Let η denote the baseline carbon price, m the price‑tier interval, β the increment per tier, and σ the abatement compensation coefficient. The carbon trading cost—which completes the internalization of environmental externalities into explicit, quantifiable cost—is:

${{D}_{2}}=\left\{ \begin{align}  & \eta \left( 1+4\sigma  \right){{S}_{TO}},{{S}_{TO}}<-3m \\ & \eta \left( 1+3\sigma  \right){{S}_{TO}},-3m\le {{S}_{TO}}<-2m \\ & \eta \left( 1+2\sigma  \right){{S}_{TO}},-2m\le {{S}_{TO}}<-m \\ & \eta \left( 1+\sigma  \right){{S}_{TO}},-m\le {{S}_{TO}}<0 \\ & \eta {{S}_{TO}},0\le {{S}_{TO}}<m \\ & \eta \left( 1+\beta  \right)\left( {{S}_{TO}}-m \right)+\eta \left( 1+\beta  \right)m,m\le {{S}_{TO}}<2m \\ & \eta \left( 1+2\beta  \right)\left( {{S}_{TO}}-2m \right)+\eta \left( 2+2\beta  \right)m,2m\le {{S}_{TO}}<3m \\ & \eta \left( 1+3\beta  \right)\left( {{S}_{TO}}-3m \right)+\mu \left( 3+3\beta  \right)m,3m\le {{S}_{TO}} \\ \end{align} \right.$                      (21)

Here, the carbon price is a core policy variable determining the economic penalty of emissions. With this cost term, carbon trading ceases to be an exogenous, vague constraint and becomes a concrete component of the objective, co‑optimized alongside fuel and O&M costs.

Finally, the total optimization objective includes both carbon trading and operating costs to realize genuine economic-environmental co‑optimization. Each dispatch decision simultaneously weighs direct economic outlays and compliance costs:

$D=MIN\left( {{D}_{1}}+{{D}_{2}} \right)$                    (22)

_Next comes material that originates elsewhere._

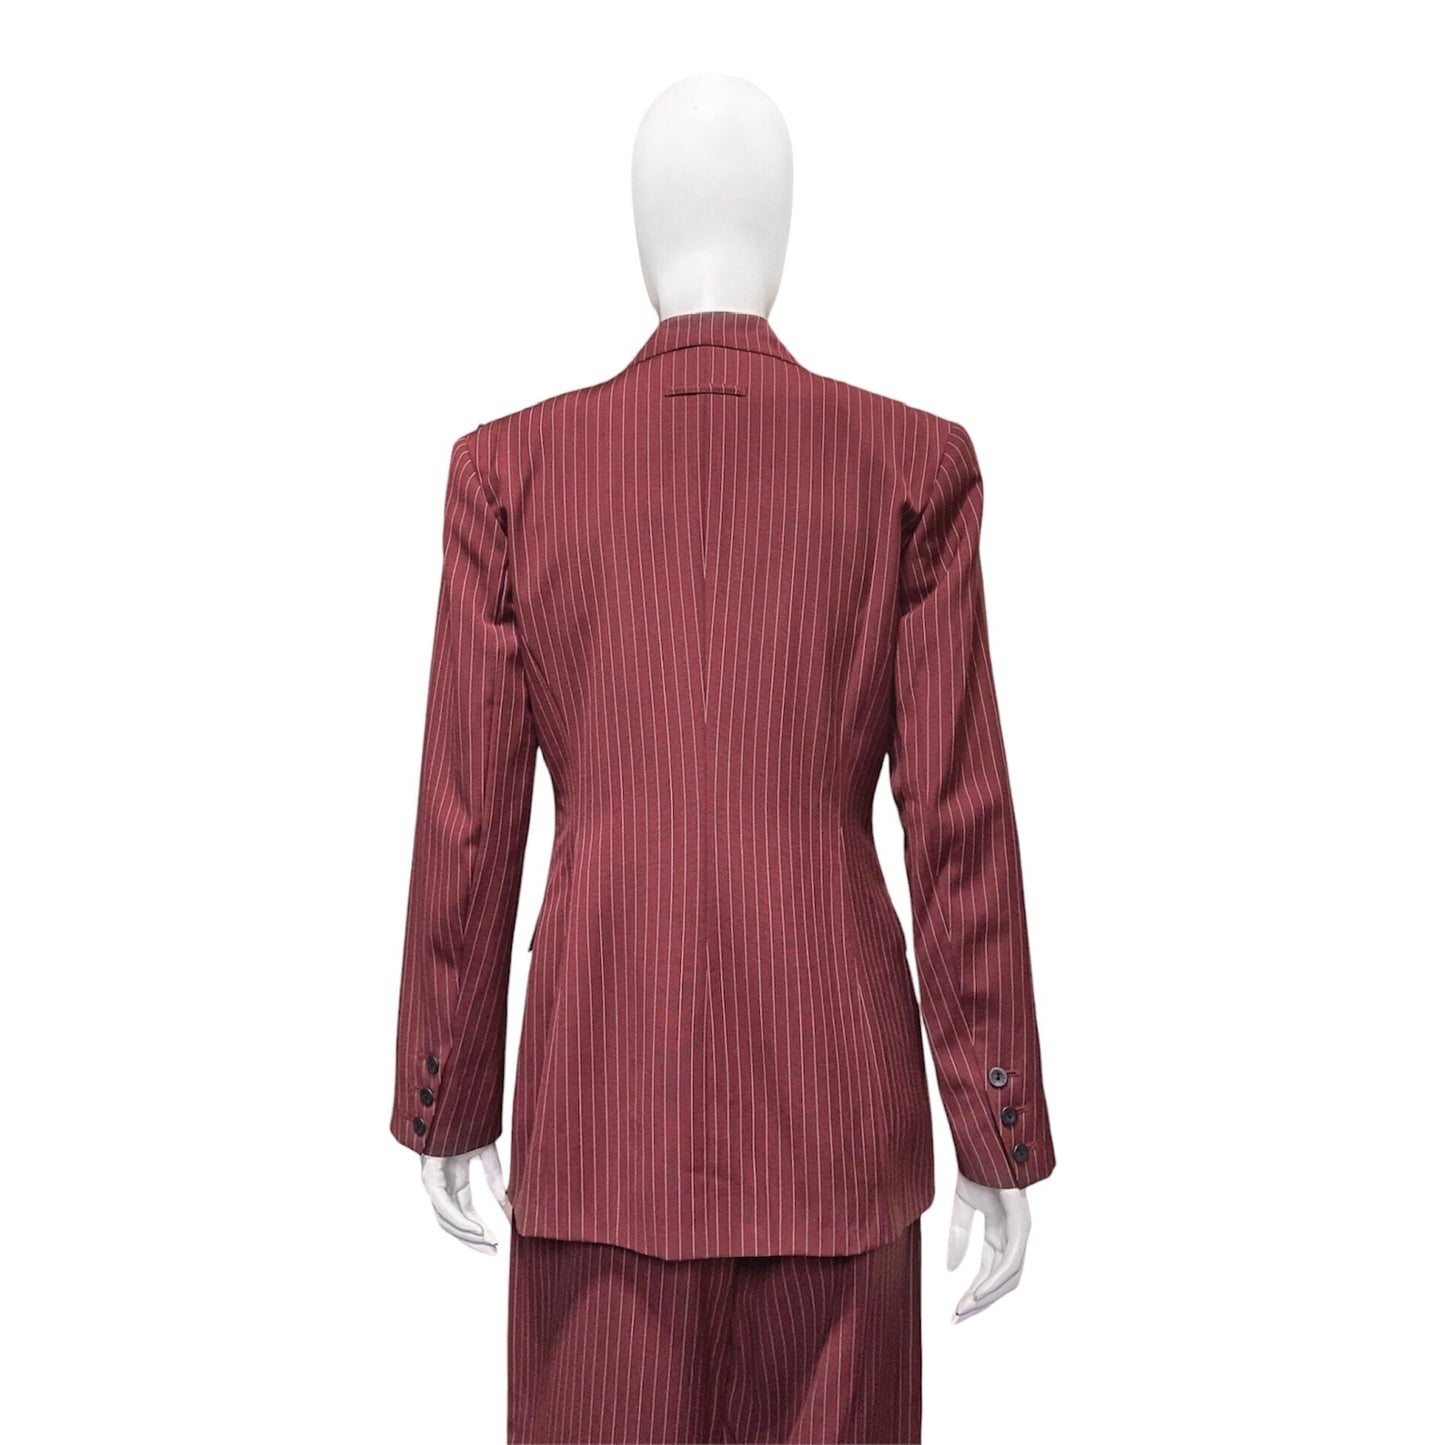 Jean Paul Gaultier Classique 90s Nine pocket Pinstripe Blazer Vest Pants Three Piece Suit 42
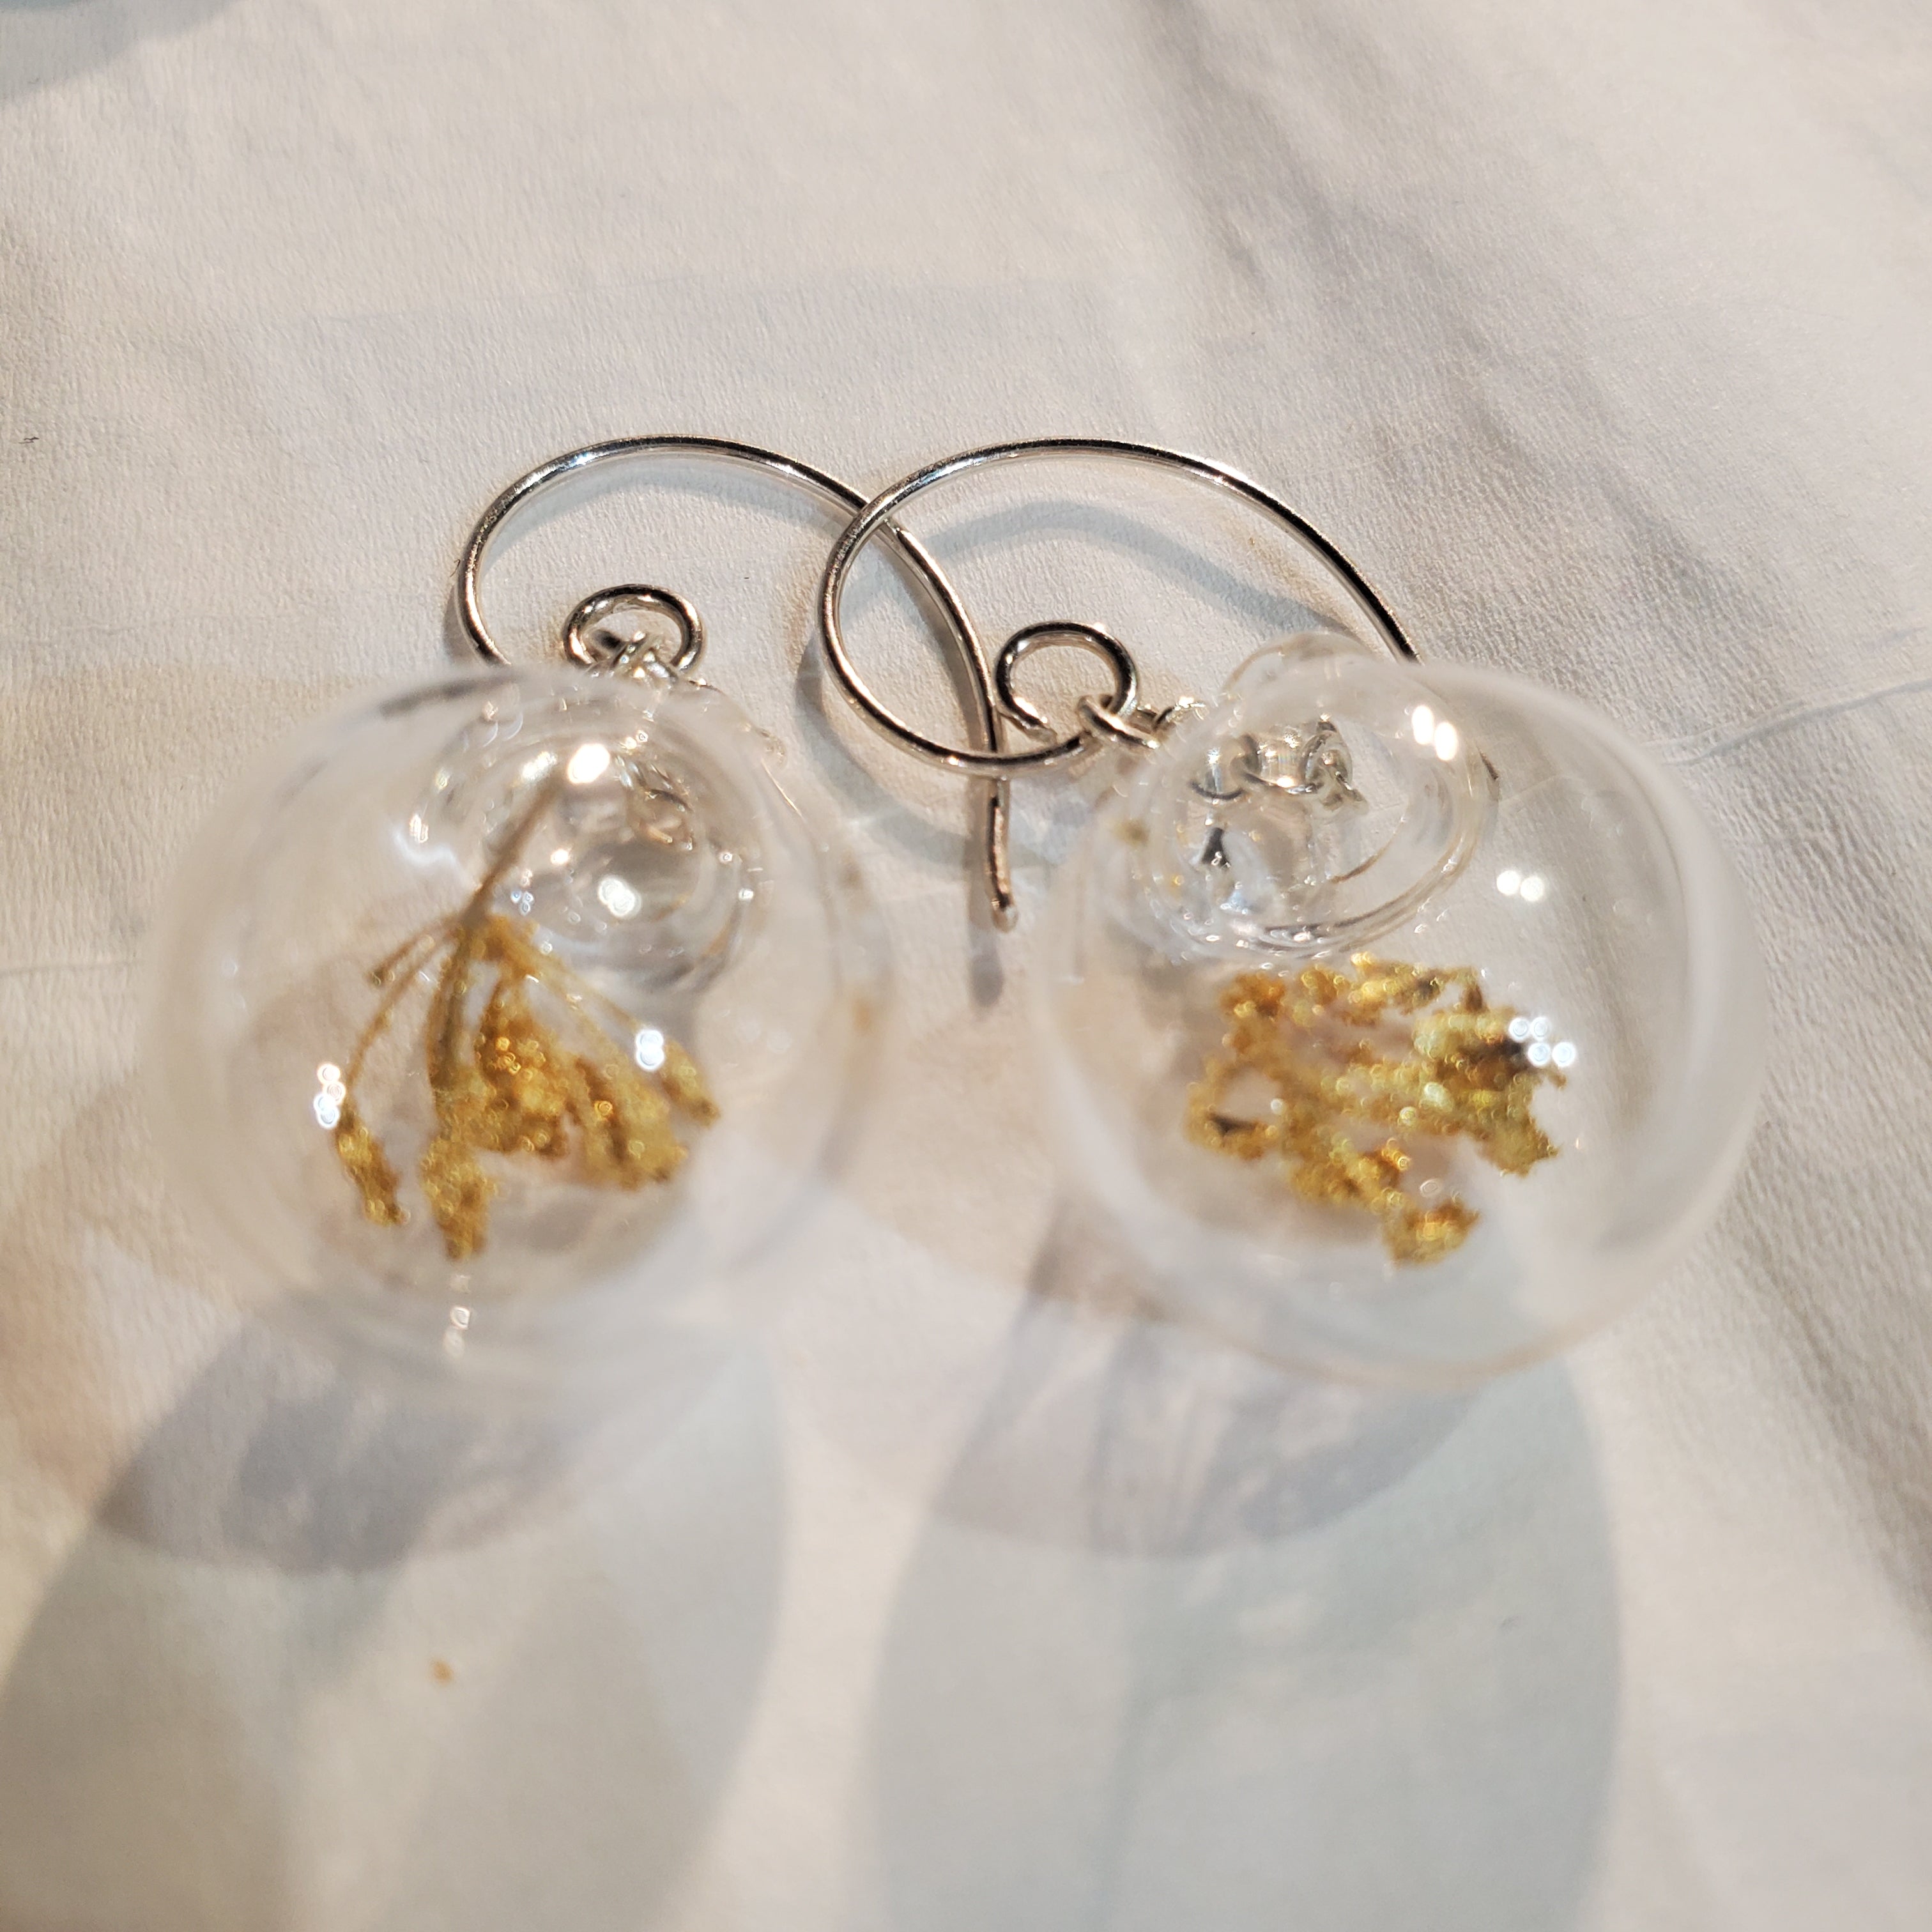 Gilded dill 22 k earrings

The model constraints fall into the following categories:

1) Load balance constraints.

At every time and in every region, the sum of electric and thermal outputs must meet the corresponding loads. This guarantees physical feasibility and fixes demand so that differences across carbon pricing scenarios arise purely from supply‑side shifts, clarifying how carbon trading drives low‑carbon transitions. Let MLO(s) and OLO(s) denote thermal and electric loads; OHS,g(s) and OHY(s) denote thermal outputs of gas turbines and gas boilers; OHS,r(s) and OQS(t) denote electric outputs of gas turbines and wind units. Then

$\begin{align}  & {{M}_{LO}}\left( s \right)={{O}_{HS,g}}\left( s \right)+{{O}_{HY}}\left( s \right) \\ & {{O}_{LO}}\left( s \right)={{O}_{CAP,r,TO}}\left( s \right)+{{O}_{HS,r}}\left( s \right)+{{O}_{QS}}\left( s \right)+{{O}_{GR}}\left( s \right) \\ \end{align}$                 (23)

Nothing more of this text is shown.